Academic provenance crisis and agentized forensics

Key Questions

What is llmtester and its scale?

llmtester is a new 50k CLI benchmark for LLMs. It tests capabilities across large-scale evaluations.

Which benchmarks exposed LLM limitations recently?

ADeLe, ARC-AGI-3, MIRAGE, and CirrusBench showed flops for LLMs.

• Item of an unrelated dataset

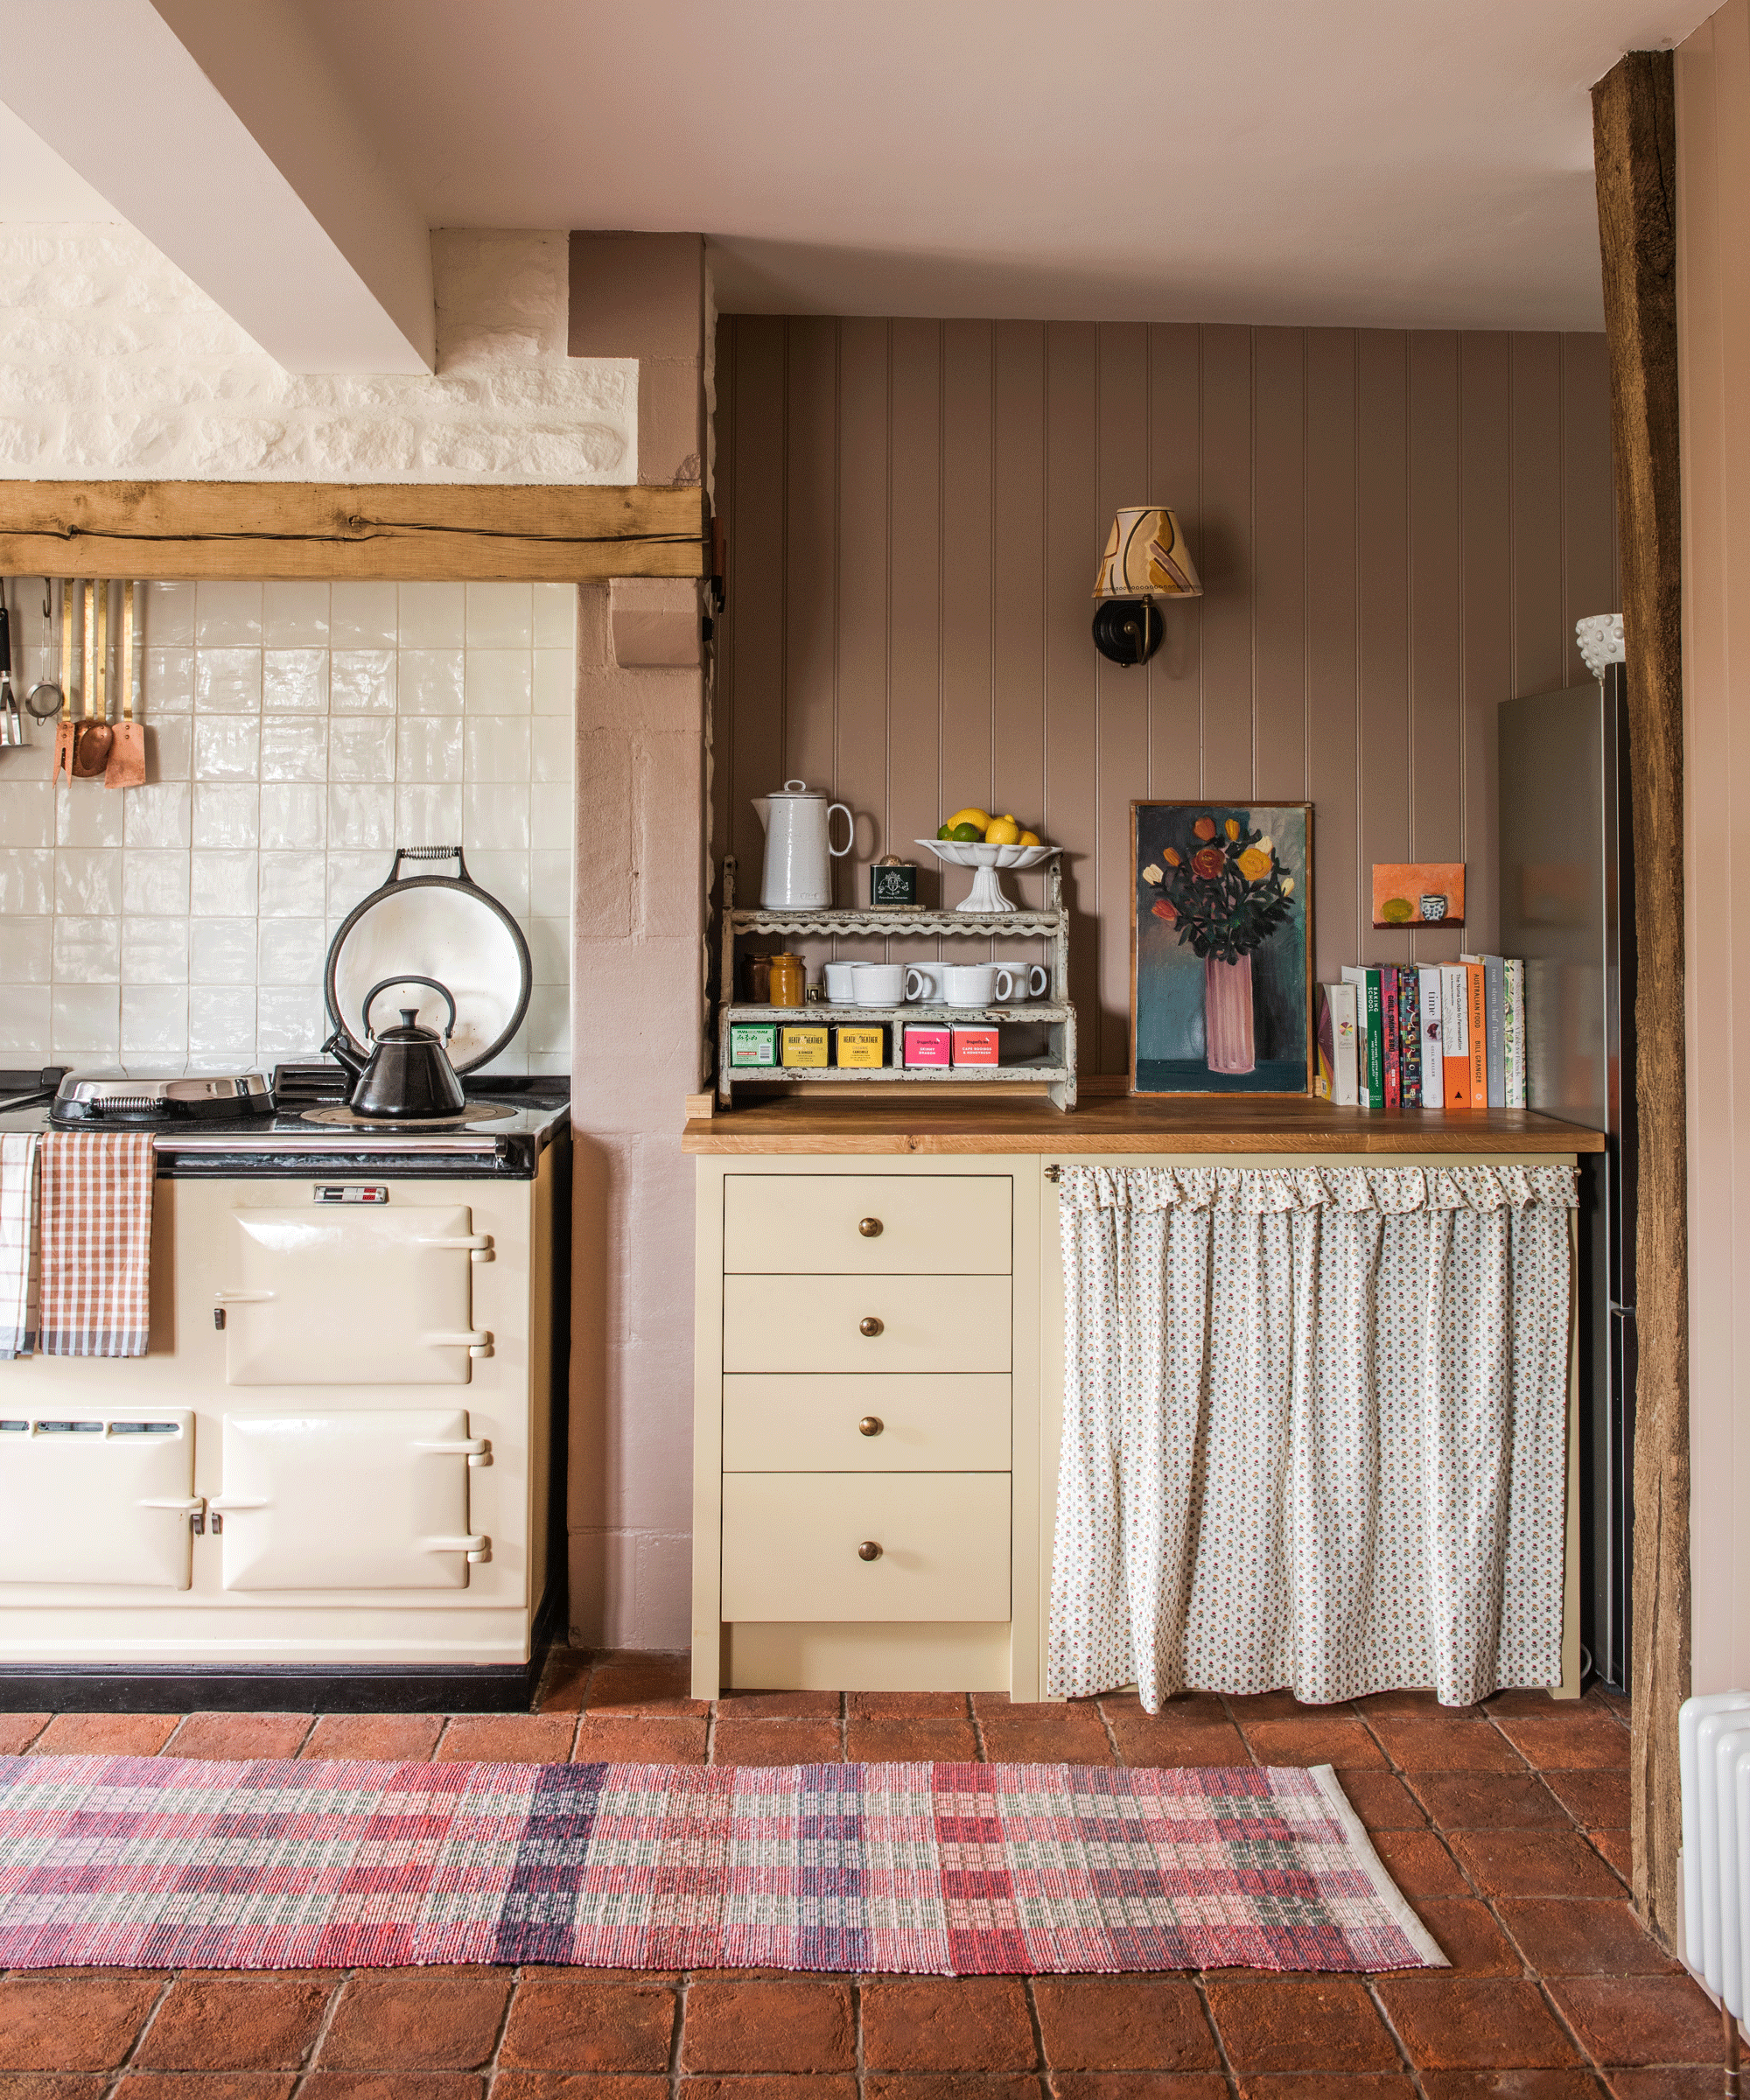 Vintage style kitchen with colourful rug and pink walls

They highlight issues in reasoning and generalization.

What is the academic provenance crisis?

It involves fakes at NeurIPS/ICML, coding errors in 25% of papers, and LLM failures like ZEH/coding at 25%. Agentized forensics like Sakana/CORAL address it.

How do Sakana and CORAL contribute to research integrity?

Sakana, CORAL, FlowPIE, and AgentSLR automate and verify scientific discovery. They combat provenance issues with agentized tools.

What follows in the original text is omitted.